→ Work item
In your copy, leave out the pictures and output only the lines from the one holding "MAZDA MODEL CX-5" through the end of the data below, exactly.

→ Dataset records
§ §

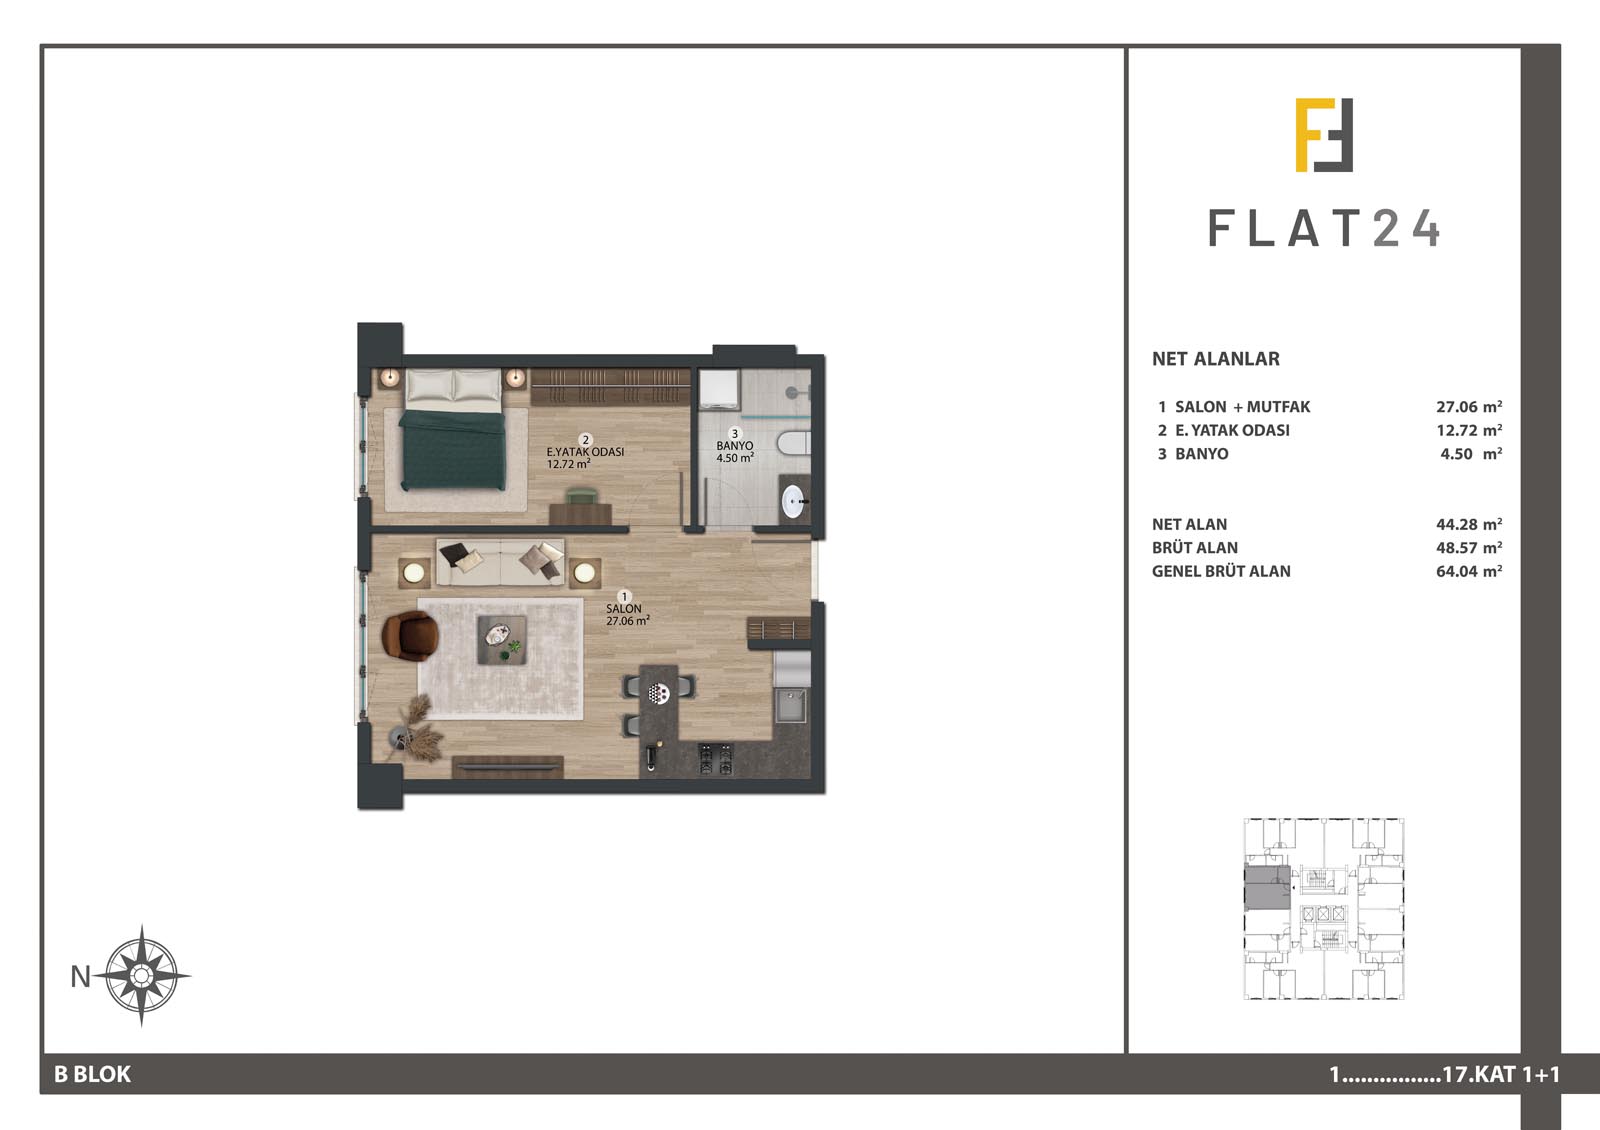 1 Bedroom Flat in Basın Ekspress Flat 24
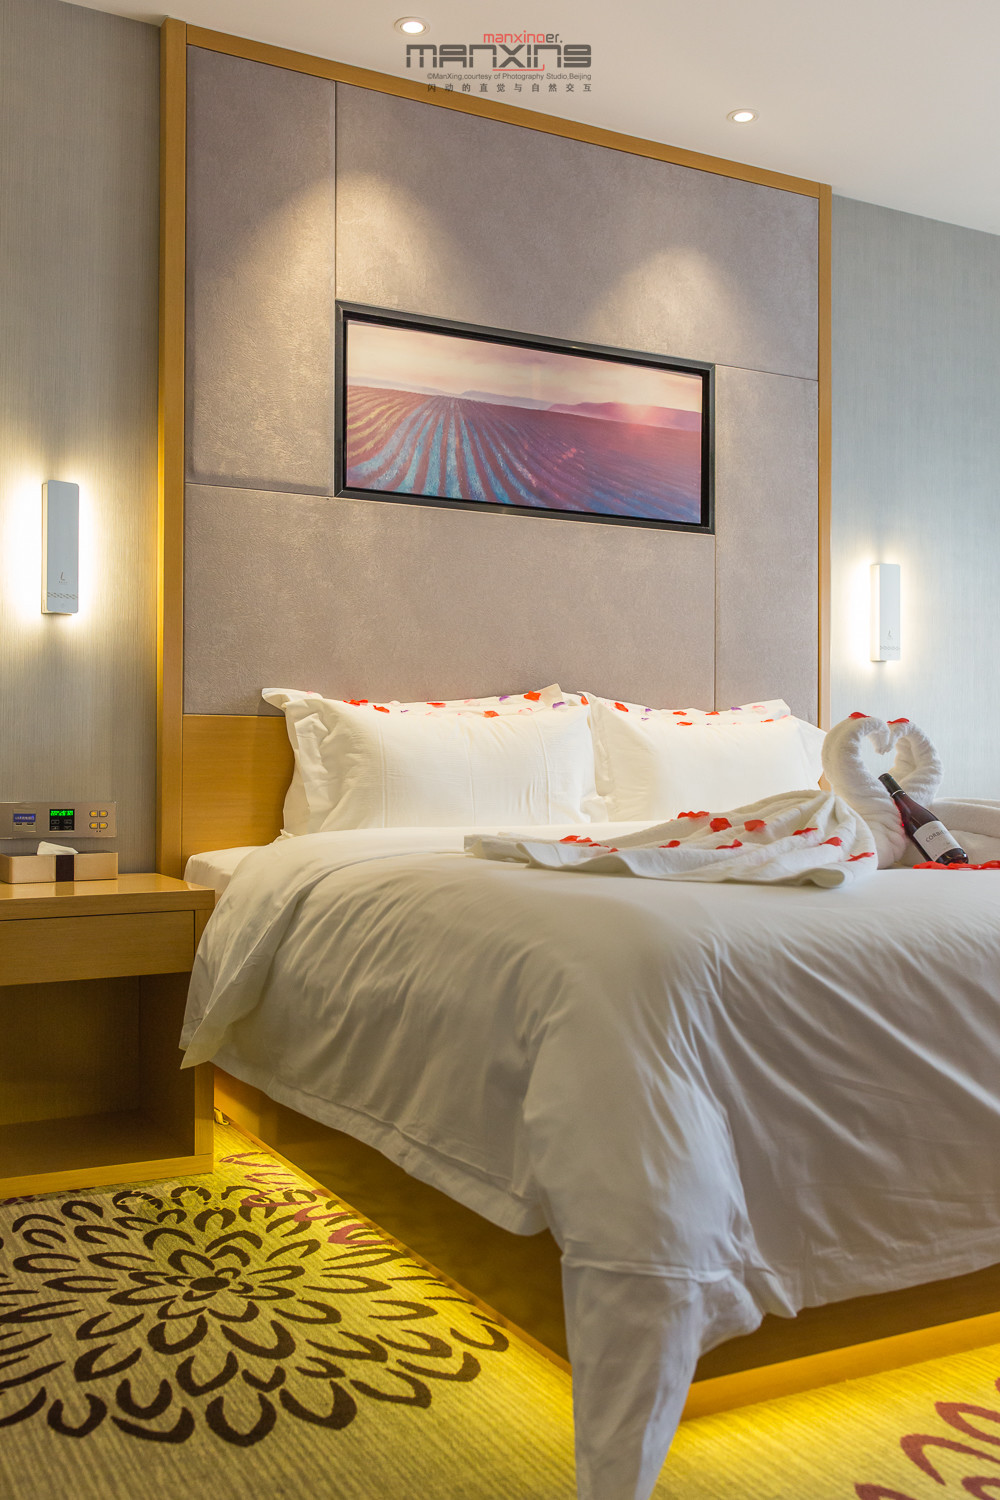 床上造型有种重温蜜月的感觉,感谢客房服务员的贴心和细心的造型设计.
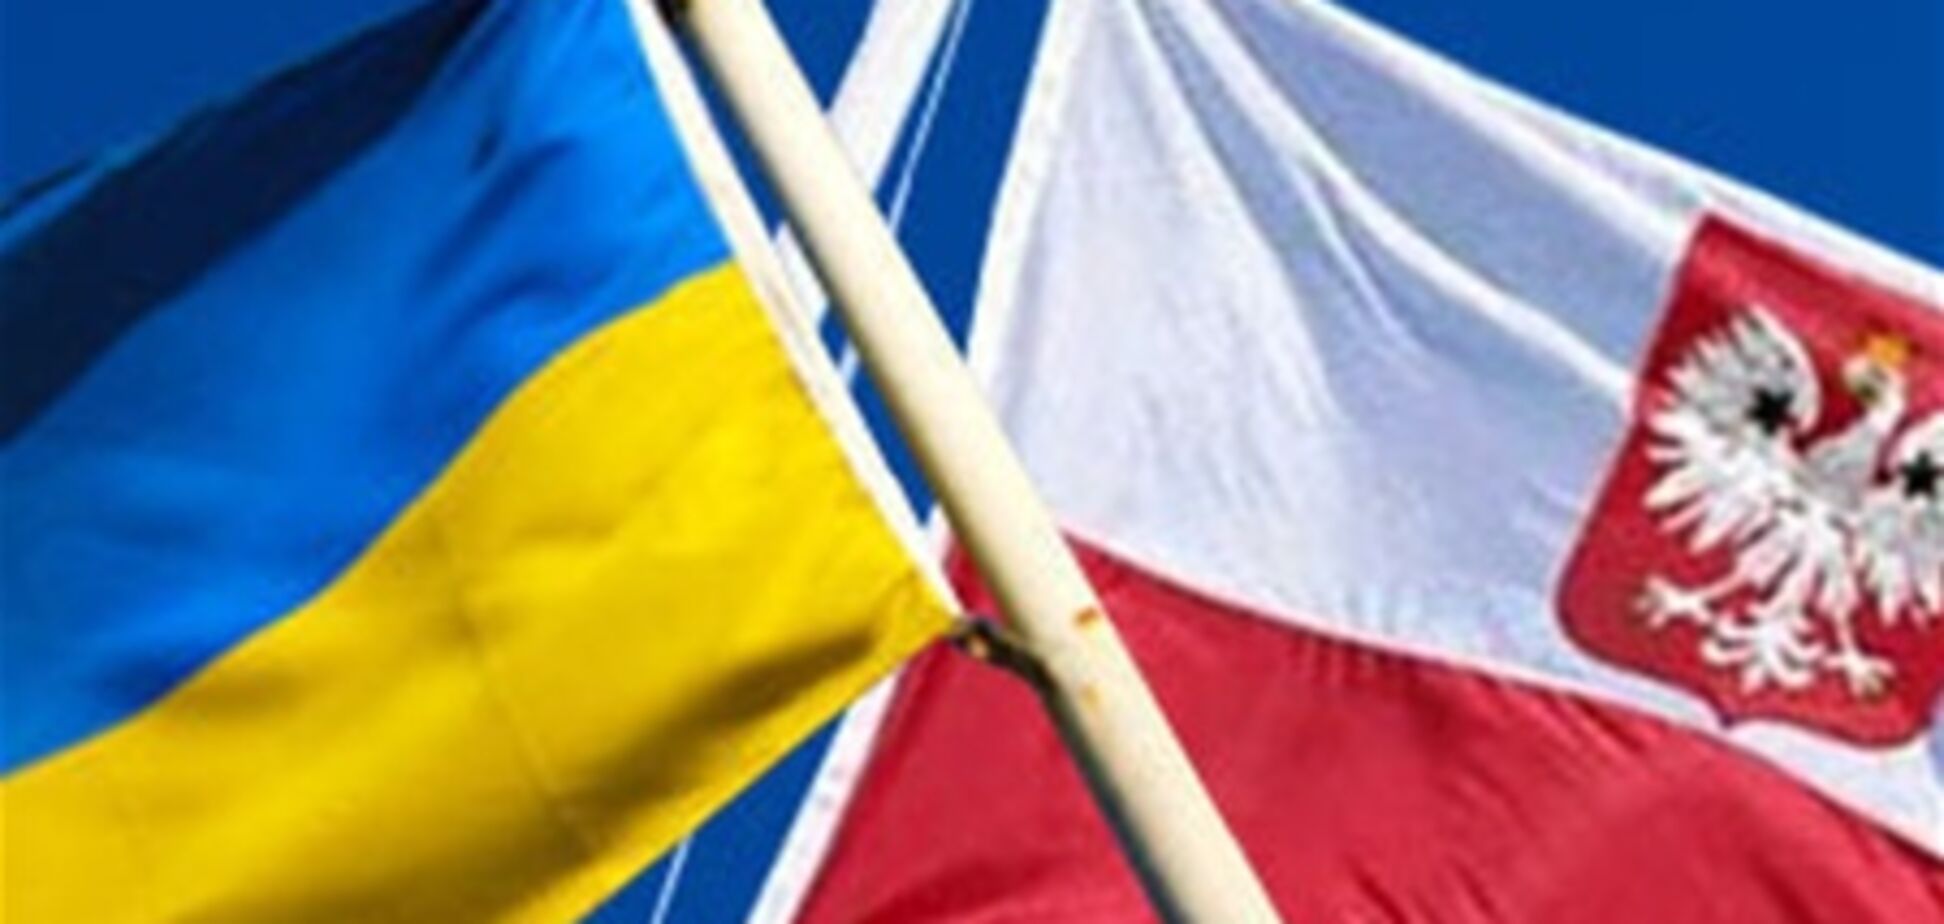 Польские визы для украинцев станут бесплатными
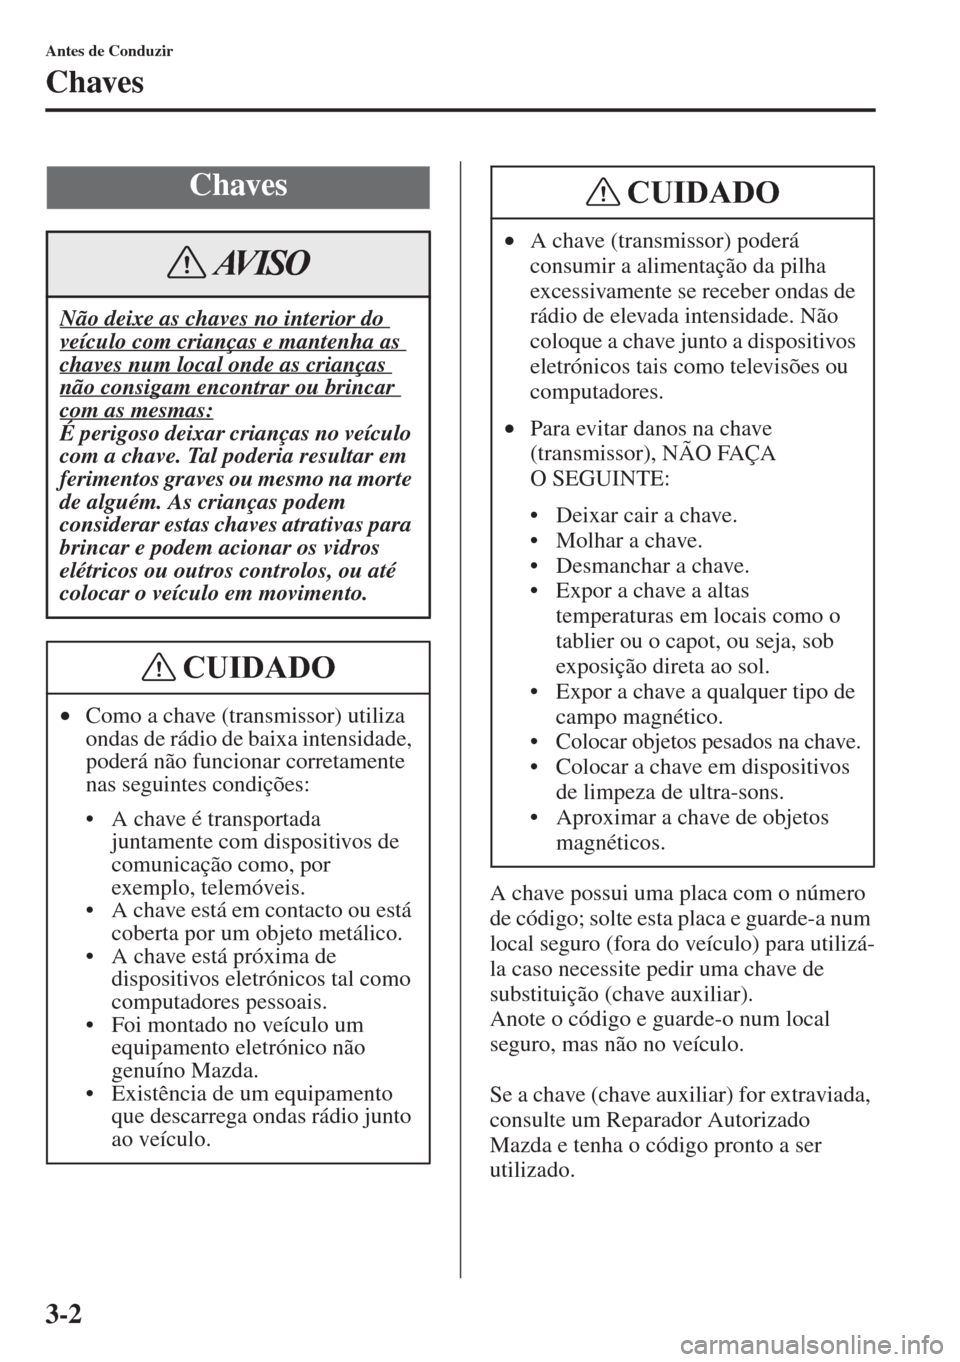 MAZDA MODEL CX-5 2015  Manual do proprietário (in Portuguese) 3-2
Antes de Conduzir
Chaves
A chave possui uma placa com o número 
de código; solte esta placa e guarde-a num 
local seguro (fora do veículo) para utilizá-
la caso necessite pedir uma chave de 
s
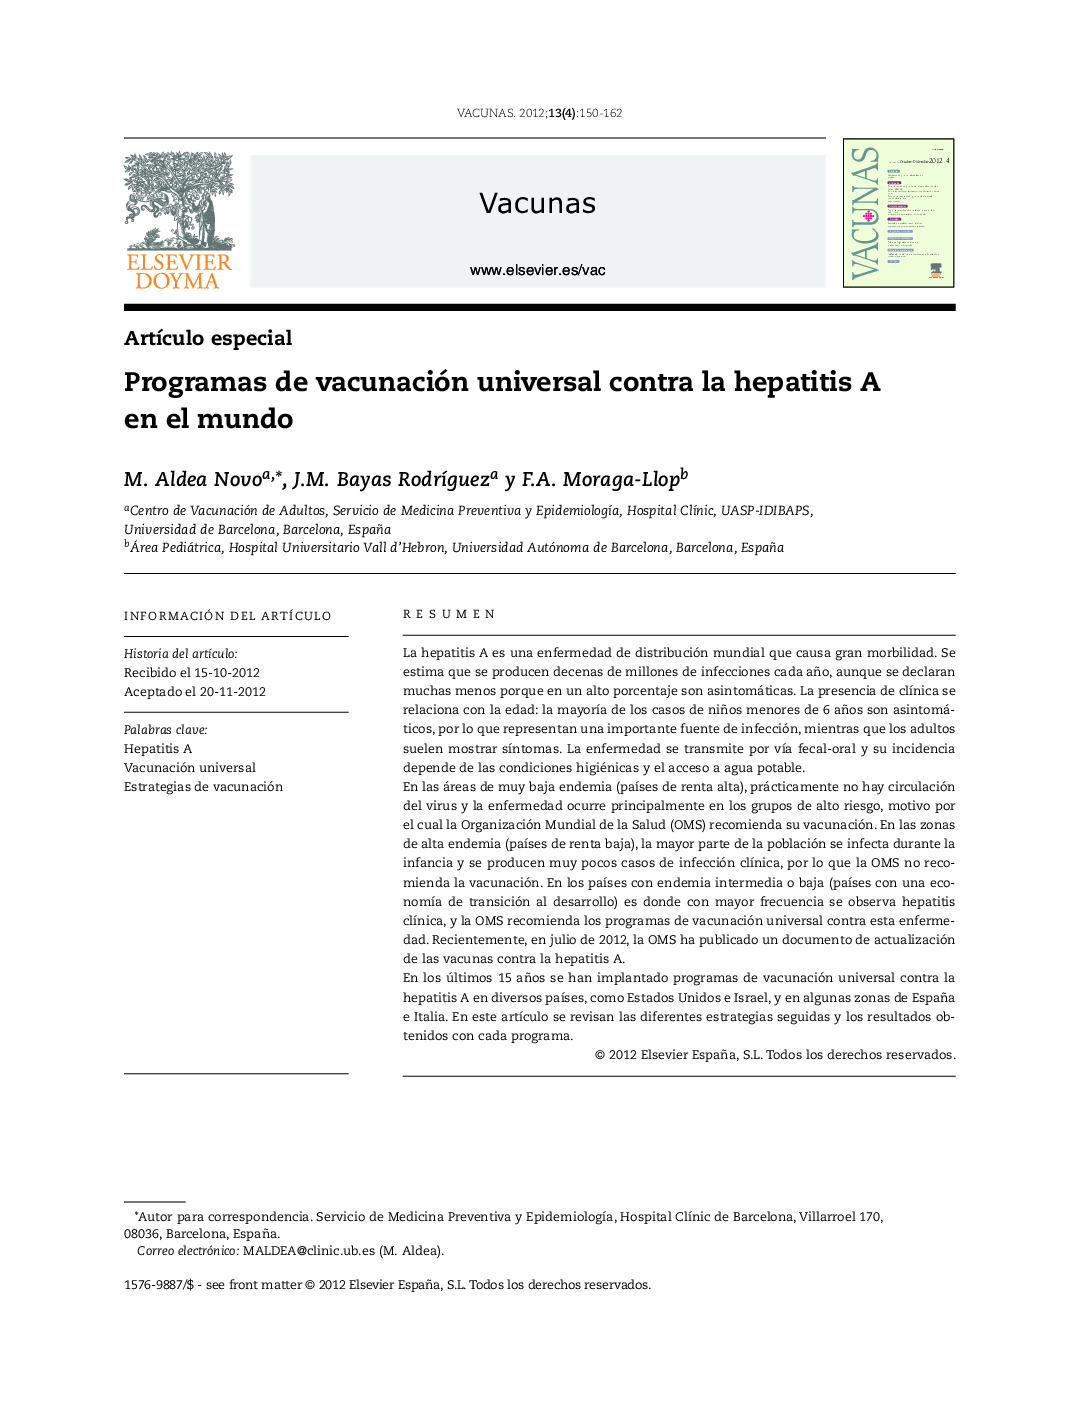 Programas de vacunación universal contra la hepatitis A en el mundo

§ §

→ Answer box
 MAZDA MODEL CX-5 2015  Manual do proprietário (in Portuguese) 3-2
Antes de Conduzir
Chaves
A chave possui uma placa com o número 
de código; solte esta placa e guarde-a num 
local seguro (fora do veículo) para utilizá-
la caso necessite pedir uma chave de 
s
 Programas de vacunación universal contra la hepatitis A en el mundo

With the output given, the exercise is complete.